Les fils de Bélial
s’étaient figés dans une espèce de respect dû à la double beauté d’une femme et d’une musique (435) .
Les instruments puissants et souples distillaient un air connu de Serrano. Attentif, le front dans ses paumes et les coudes sur la table, près du cruchon et des gobelets que la servante venait de déposer presque furtivement, il écoutait ou mieux : il laissait la musique le pénétrer. Déjà, Francisca s’animait. Déjà, elle exprimait par des figures et les formes fugitives de son corps tantôt caressé, tantôt flagellé, tout un monde inconnu de Tristan. Un monde qui échappait à la parole mais qui parlait aux nerfs, aux entrailles, aux sens. Déjà, le génie s’éveillait en elle avec cette toute-puissance naïve, instinctive et cependant calculée qu’il avait parfois décelée dans le foisonnement des figures de pierre aux tympans de Vézelay ou de Notre-Dame. Elle trouvait les gestes ou mieux encore, les formules qui révélaient des images d’amour, de joie, de violence. Bien que son abandon fût différent de celui qu’il avait connu sur sa couche, il reconnaissait dans ses mouvements et ses appels du pied cette ferveur sauvage qui différait d’une nature vouée à l’indolence et à la volupté avec autant d’inconciliation que la glace et le feu, le tigre et l’agneau. Une flamme insensée s’allumait et s’éteignait dans ses hanches.
– Elle danse bien, dit Serrano, rêveur. Elle est… comment dire serior ? La fierté de notre peuple… Ce qu’elle nous offre est un paso castillan.
Droite, la tête de profil sur le corps de face, Francisca évoluait sur place. Lorsqu’elle tournait, sa tête ne cessait de se présenter de profil, attitude noble qui rompait entre elle et l’assemblée le lien du regard et, séparant ainsi du public, la hissait à une distance infinie de celui-ci, dans un autre monde connu d’elle seule ! Tristan ne pouvait qu’admirer les mouvements de ces bras dont il connaissait la pulpe et le goût, et cette taille dont la souplesse inlassable semblait être un héritage des Maures et de leurs danses licencieuses. Le pas se développait par saccades brèves, impérieuses, et chaque courte avancée s’achevait par un coup de pied pour demeurer en pose. C’était d’une rudesse sèche et lascive, d’une beauté suprême, impudente, et Serrano plus subjugué que ne l’était Tristan occupé à voir une autre femme dans les plis souples de la robe, murmura dans un soupir émerveillé :
– Elle rejoint en dansant les esprits de la terre !
La musique prit de l’ampleur et le trouvère ne parut guère étonné quand la foule, tout en battant des mains, se fut mise à chanter pour s’interrompre afin qu’une voix, une seule, ensorcelât les buveurs.
– C’est une sacta, señor : un cri arraché au cœur.
Le chanteur demeurait dans l’ombre. Sa voix montait, planait, ardente, montait encore, soulevant Francisca dans ses volutes énamourées, puis s’incurvait de loin en loin, en même temps que le corps flexible de la danseuse. On ne savait qui des deux incitait l’autre au chant ou au mouvement. Une pause les sépara et la voix repartit d’un coup d’aile puis cessa pour moduler, à la façon des Maures, une plainte dont la mélancolie parut briser la jeune Sévillane.
Tristan ne voyait qu’elle. Une sueur subtile illuminait ses joues. Ses traits s’étaient tirés. Elle cambrait son buste en arrière comme sous la volonté d’une étreinte d’homme, le regard extatique, un oblique sourire aux lèvres. Il semblait qu’il y eût des larmes dans ses longs cils.
Elle danse aussi bien des bras que des pieds.

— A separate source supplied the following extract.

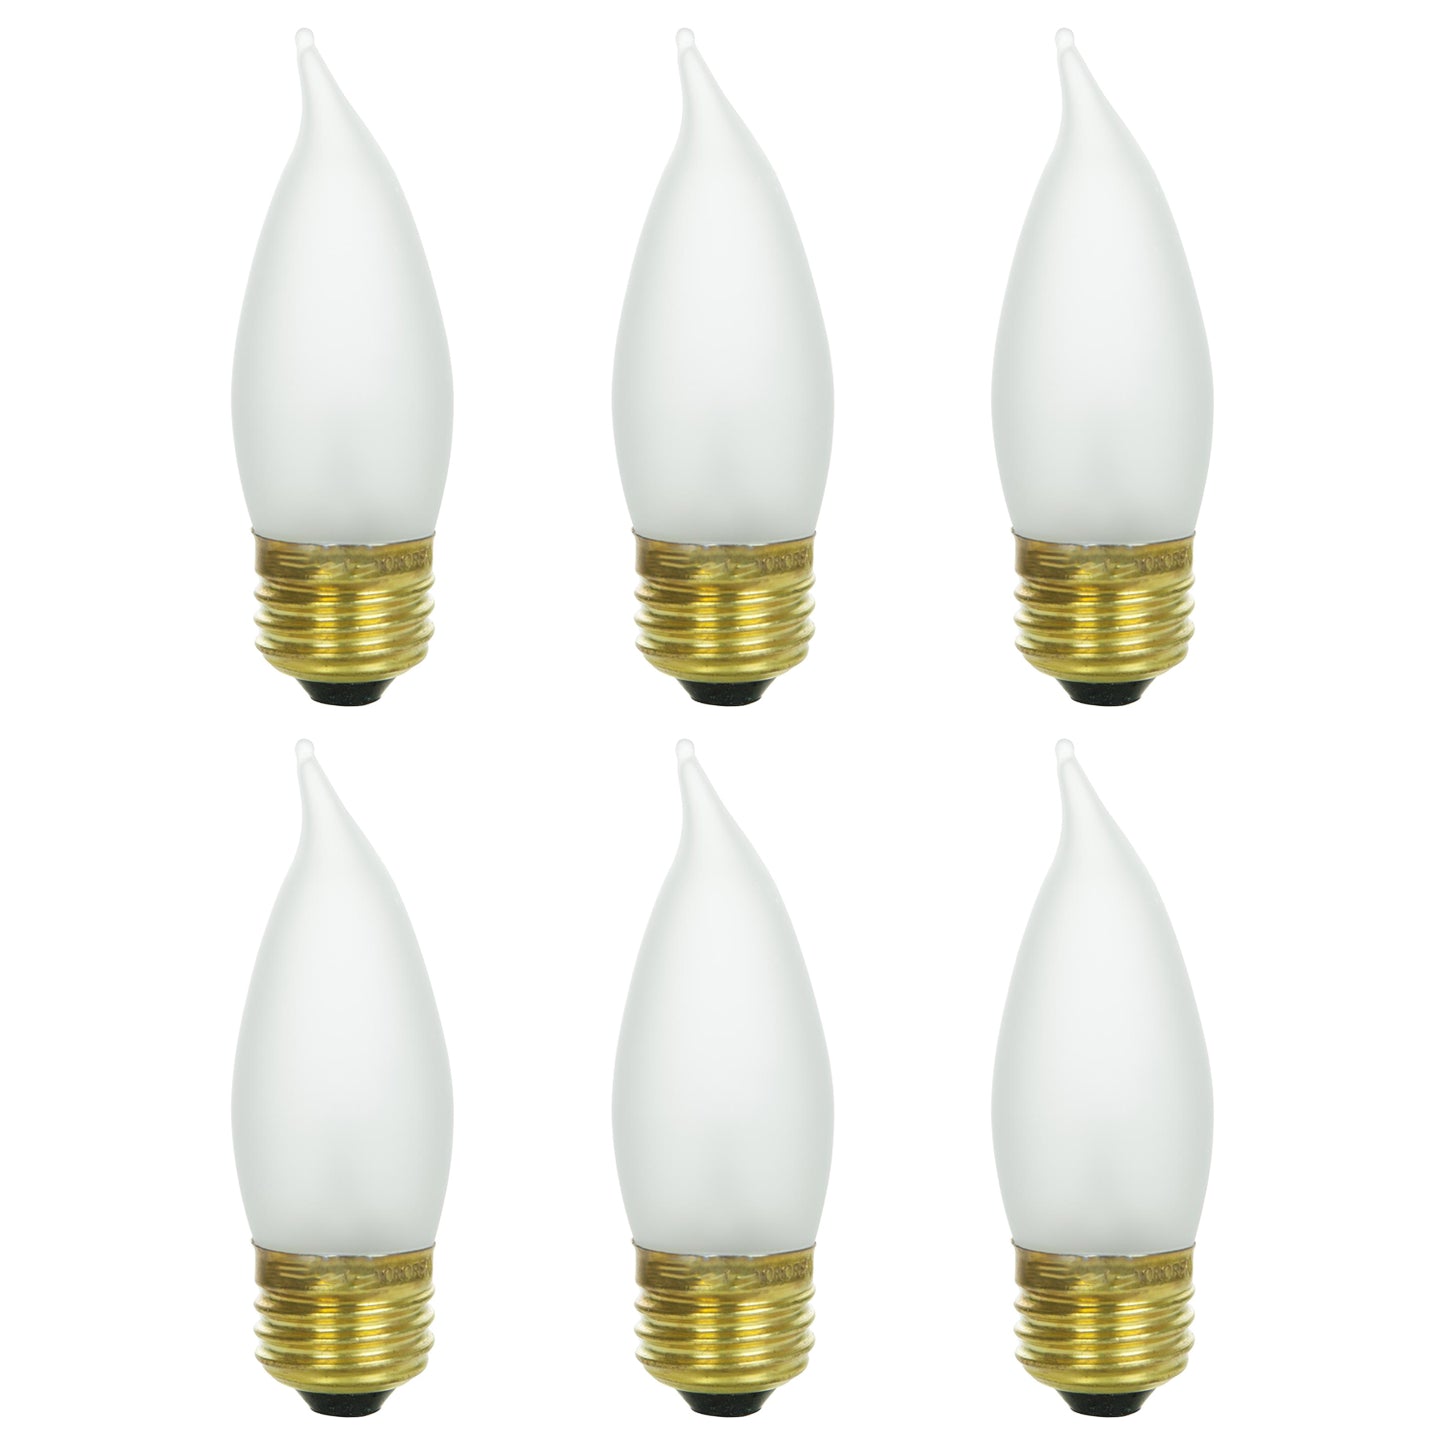 Sunlite 60EFF/32/3 60 Watt Flame Lamp Medium (E26) Base

Elle a sucé la sacta au sein de sa mère… Buvons à sa santé !
Le manzanilla tiède parut à Tristan plus poisseux que d’ordinaire. Quand il reposa son gobelet, Francisca s’en était allée. Un silence frémissant, chargé d’attente et traversé par les piétinements des servantes, succéda au chant de l’inconnu.

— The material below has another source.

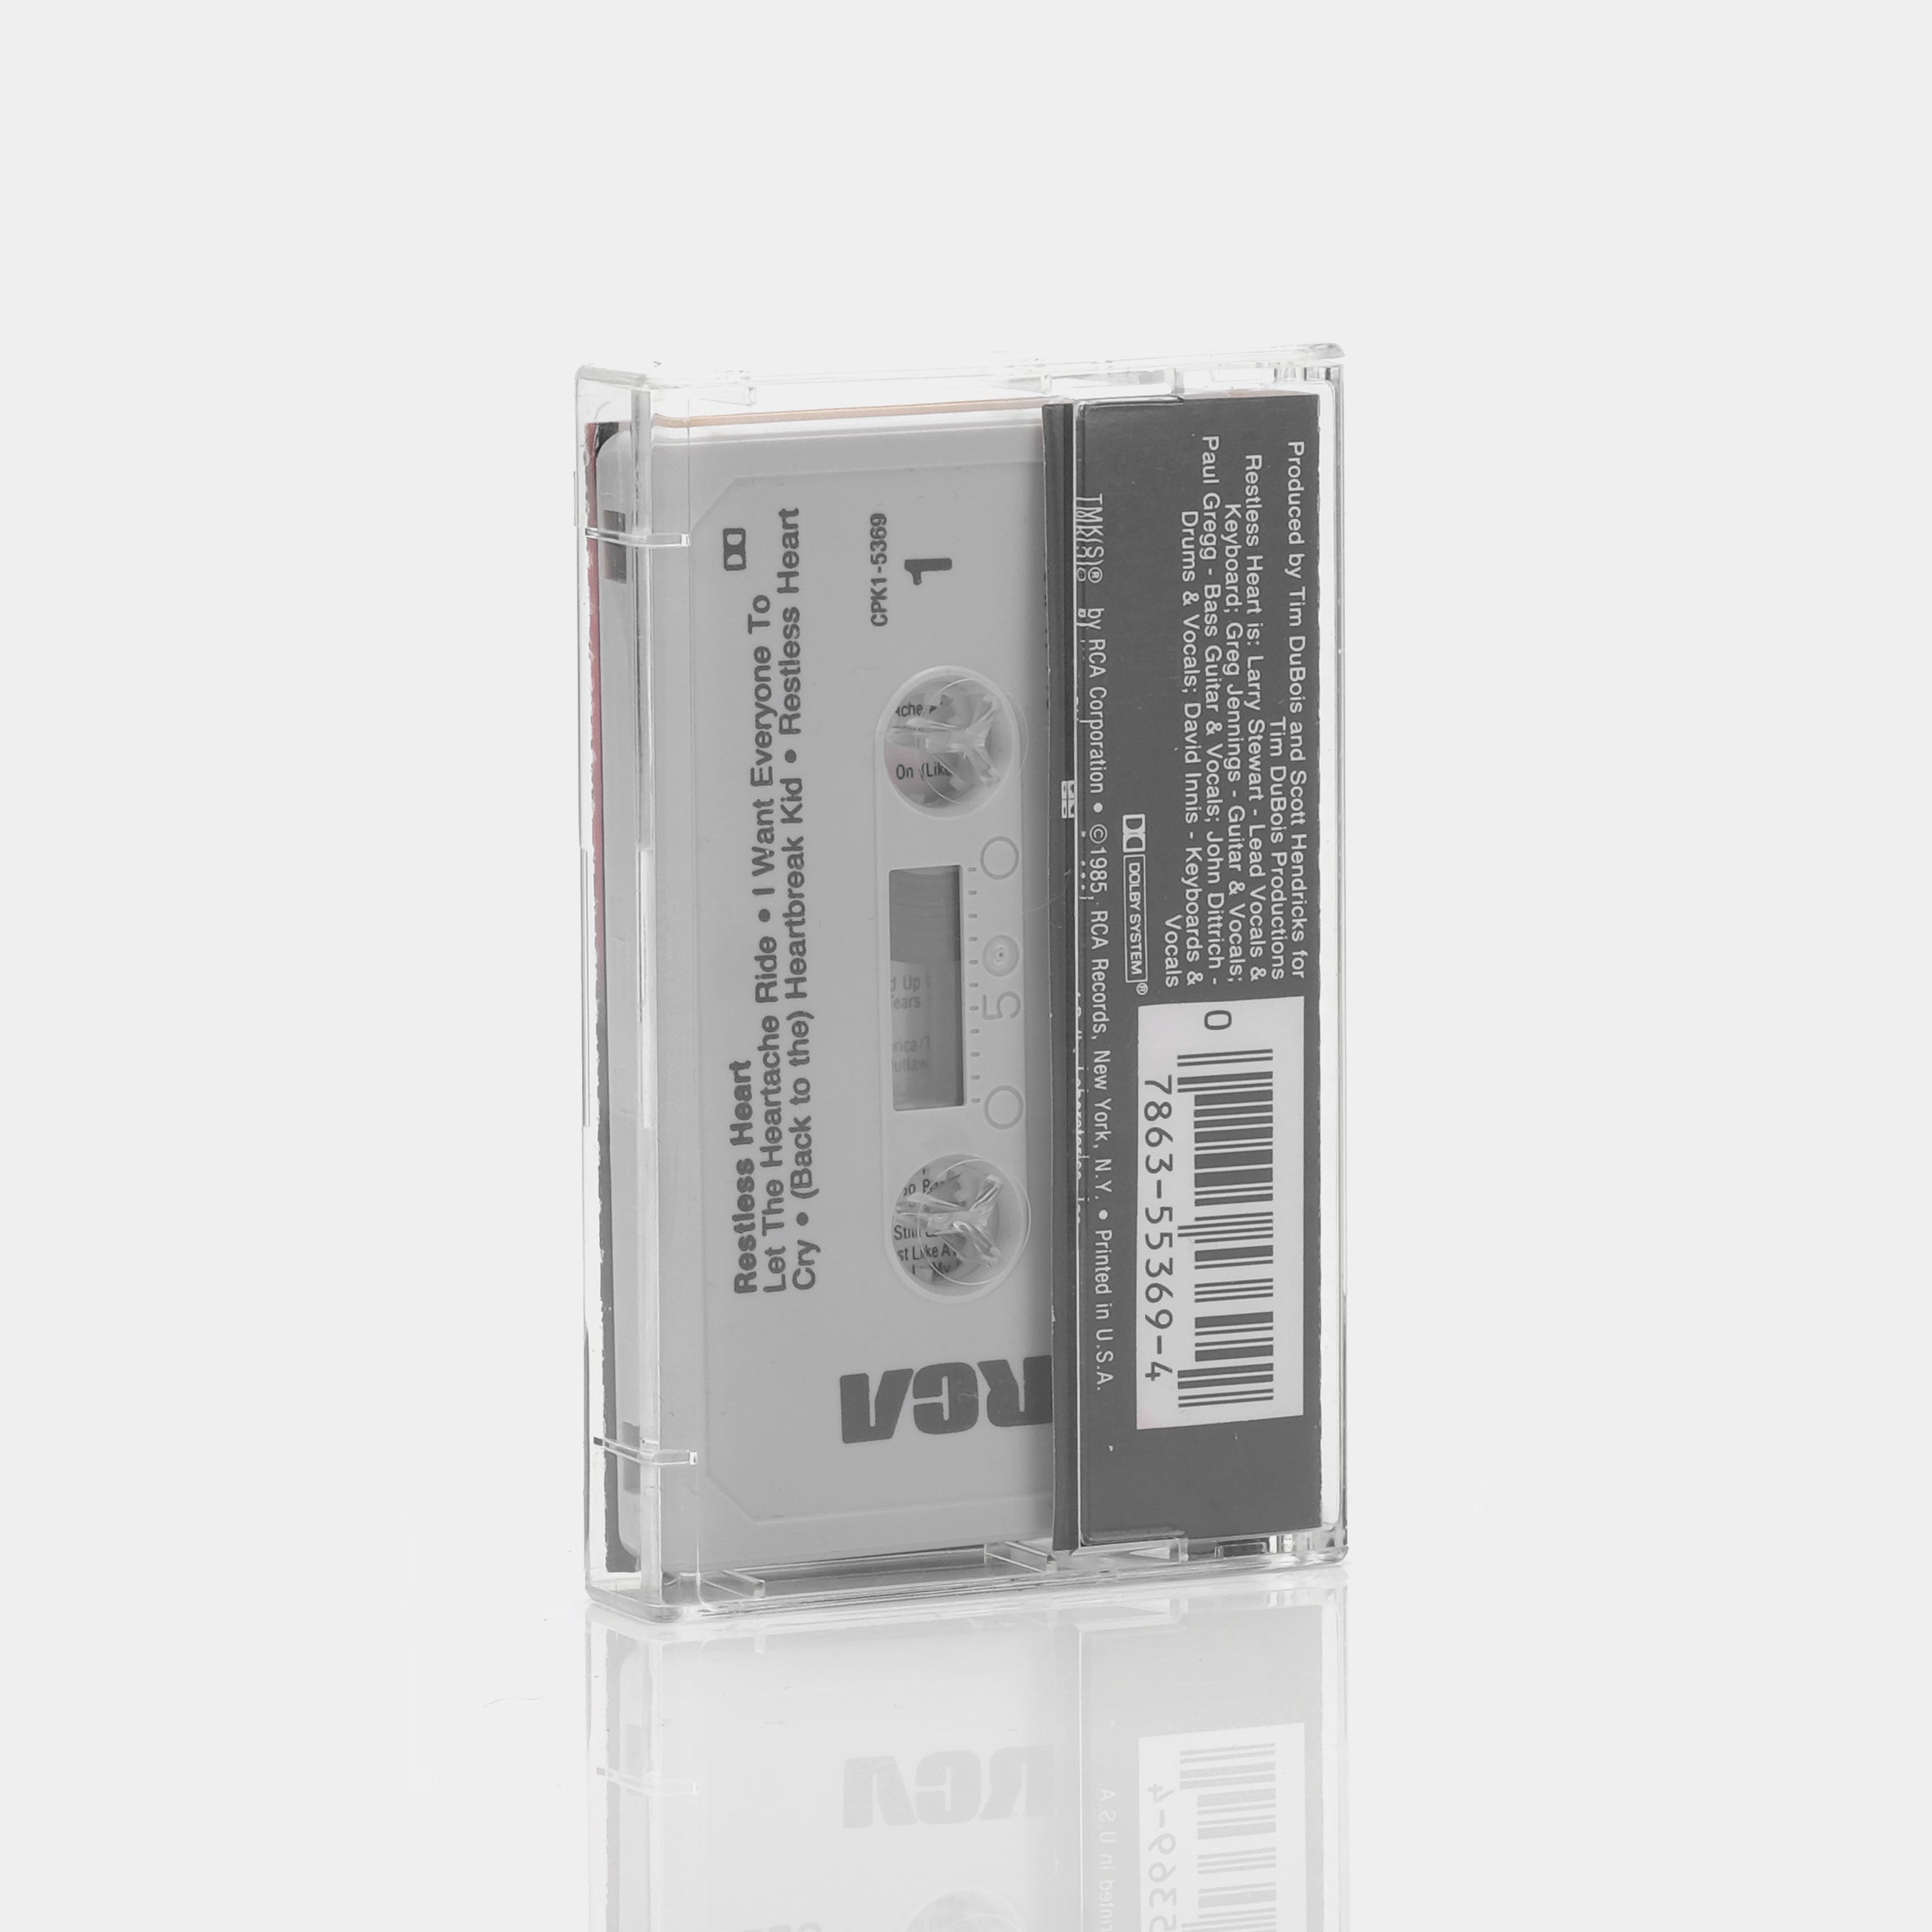 Restless Heart - Restless Heart Cassette Tape

Tristan se leva pour partir. Il en avait assez vu et suffisamment éprouvé. Jamais il ne s’était senti aussi différent de ces Andalous qui faisaient de l’existence une tragédie dont le seul remède semblait être un composé de chant et de danse. Francisca portait ce mal en son cœur. Leurs amours, s’il les poursuivait, subiraient cette sorte de mésaise. Or, du mésaise, il en éprouvait tant, déjà, dans le sillage de Guesclin, qu’il se refusait à en subir davantage.